I don't quite understand what the whole point of a "missile cities" would do when you don't have the proper infrastructure or equipment to meet even the most basic requirements of your armed forces. Having thousands of missiles, as you put it, will never replace the shortcomings of other areas, nor would it be particularly economically viable. Ballistic missiles are not exactly accurate or would ever replace the roles meant to be filled by a properly equipped and staffed air force. If all you have going is ballistic missiles, then you have basically already forfeited any chance of defending your sovereignty. At no point did I even compare Iranian and Turkish missile capabilities, and to say Turkey has no industrial capacity to mass produce them is just a joke, surely. We literally reached over 10 billion dollars in revenue exports.
What's the point of being a nuclear threshold country when you are sanctioned into oblivion, to the point that your government can't provide even basic needs such as water for its people? What's even the point of having legacy design when they are just that, legacy systems already far out of date and technologically inferior? You focus on ballistic missiles purely because you have absolutely nothing else going for you; that much is obvious.
All managed to convey across was that you are woefully ignorant regarding the Turkish defence industry. Explain exactly in which supposed area we are dependent on Western technology. We quite literally actively started exporting to western countries instead lmao. You have made general, overarching, vague claims without going into details, because you know once you look through a microscope, it all falls apart. The Bayraktar is a microcosm of your ignorance, for there has not been a SINGLE Western component on that drone for MANY years. I dare you to name one single component. All the while
Iranian drones were completely made out of external, including Western, components.
I have been here long enough to see pictures released by the Iranian regime clearly showing commerically western available GPS/INS components installed on drones. Aaww whats the matter? I though Iran had "decades of experience thanks to legacy design", yet you could not even make a simple GPS/INS system? Guess who found your president when his heli was down, was it Iranian drones? Nope it was a Turkish made drone with Turkish made FLIR.
Basic kamikaze drones have been around for many decades; you neither created nor revolutionized them by any stretch. Their prominence literally came after the Karabakh war, with Israeli Harpy's and Harops being used effectively within that conflict. So I literally don't understand what's there to boast about when all you are is a sweatshop for Russia to make cheap and basic drones. Your trajectory was also buying all the crap from Russia because you lacked the necessary technology, production capacity, know-how, and resources to make it yourself. If you can't even make MRAP's or basic APC's then wtf made you think it was a worthy endeavor to compare yourself to others lol.

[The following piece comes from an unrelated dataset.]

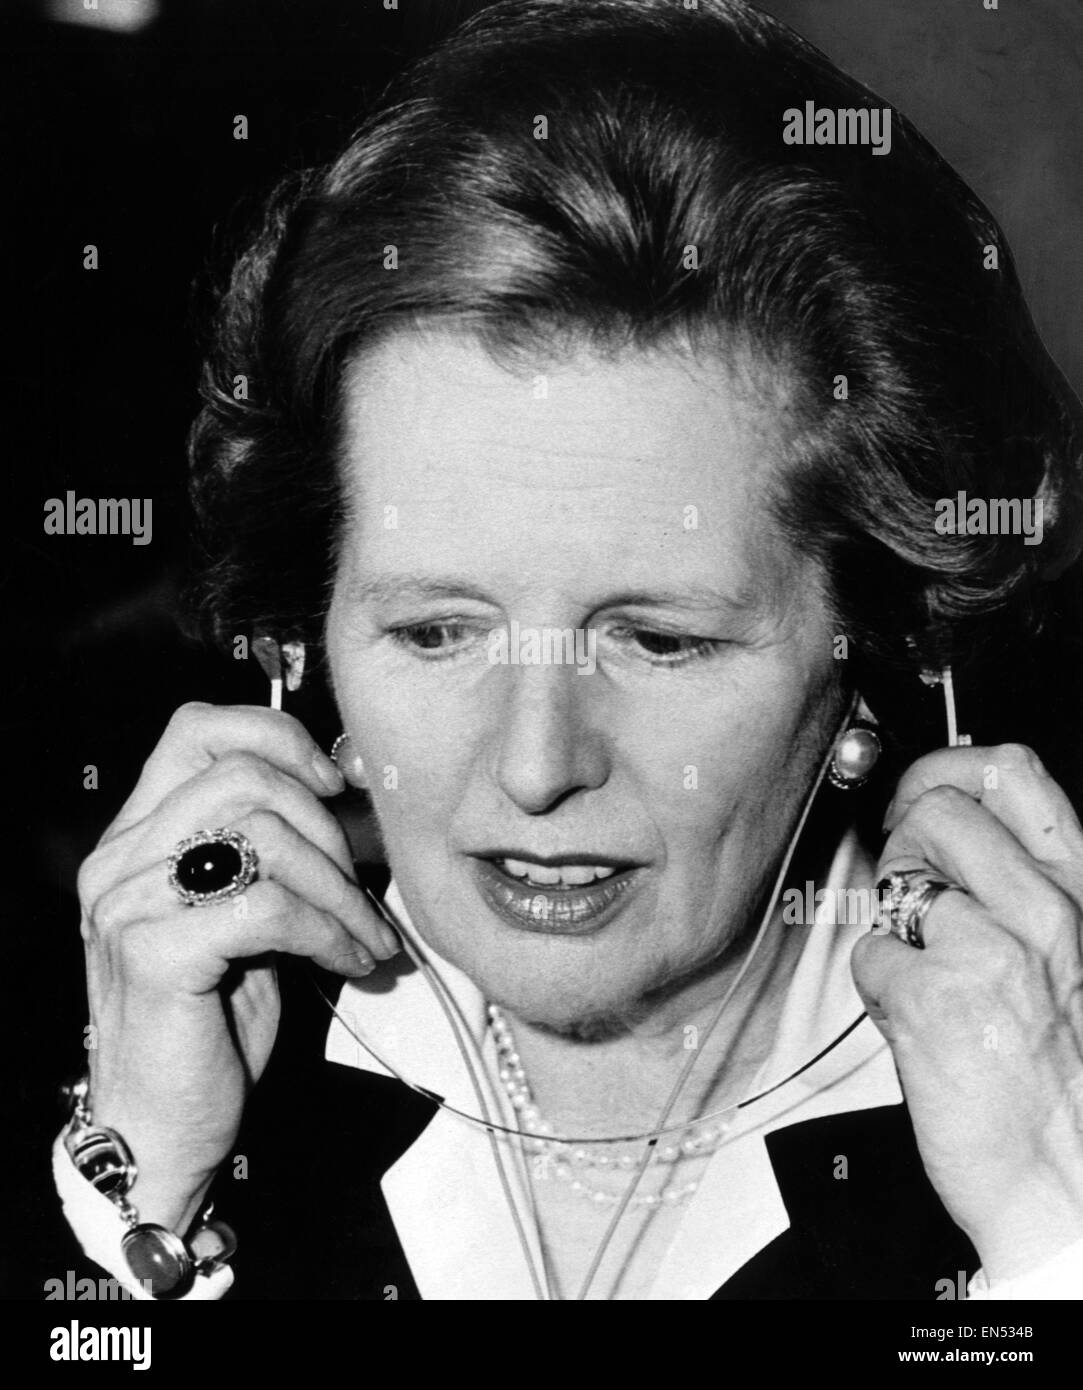 Premierministerin Margaret Thatcher probiert ein paar Kopfhörer - Verstärker - bei Marconi in Schottland 2. Juni 1987. Stockfoto

Iran is in that position because of your own actions and choices, don't try to play the victim after trying to export a violent revolution to other countries and destabilizing them by supporting proxies. Which brings me to the next point: your GDP-to-debt is low precisely because you are completely excluded from international financial institutions and systems, not because of some noble goal to remain debt-free lol. To frame Turkish debt in that light is one of the most blatant misrepresentations of facts I have ever seen. Turkey literally has one of the lowest GDP-to-debt ratios in the world, with only 24%, and it continues to shrink each year, according to the
IMF and Worldbank.
To sum it all up, trying to diminish other countries to make yours seem better for the terrible decisions they have made are the symptoms of a failed society and state. Try to fix your shit before you come at others with half-assed zealous remarks.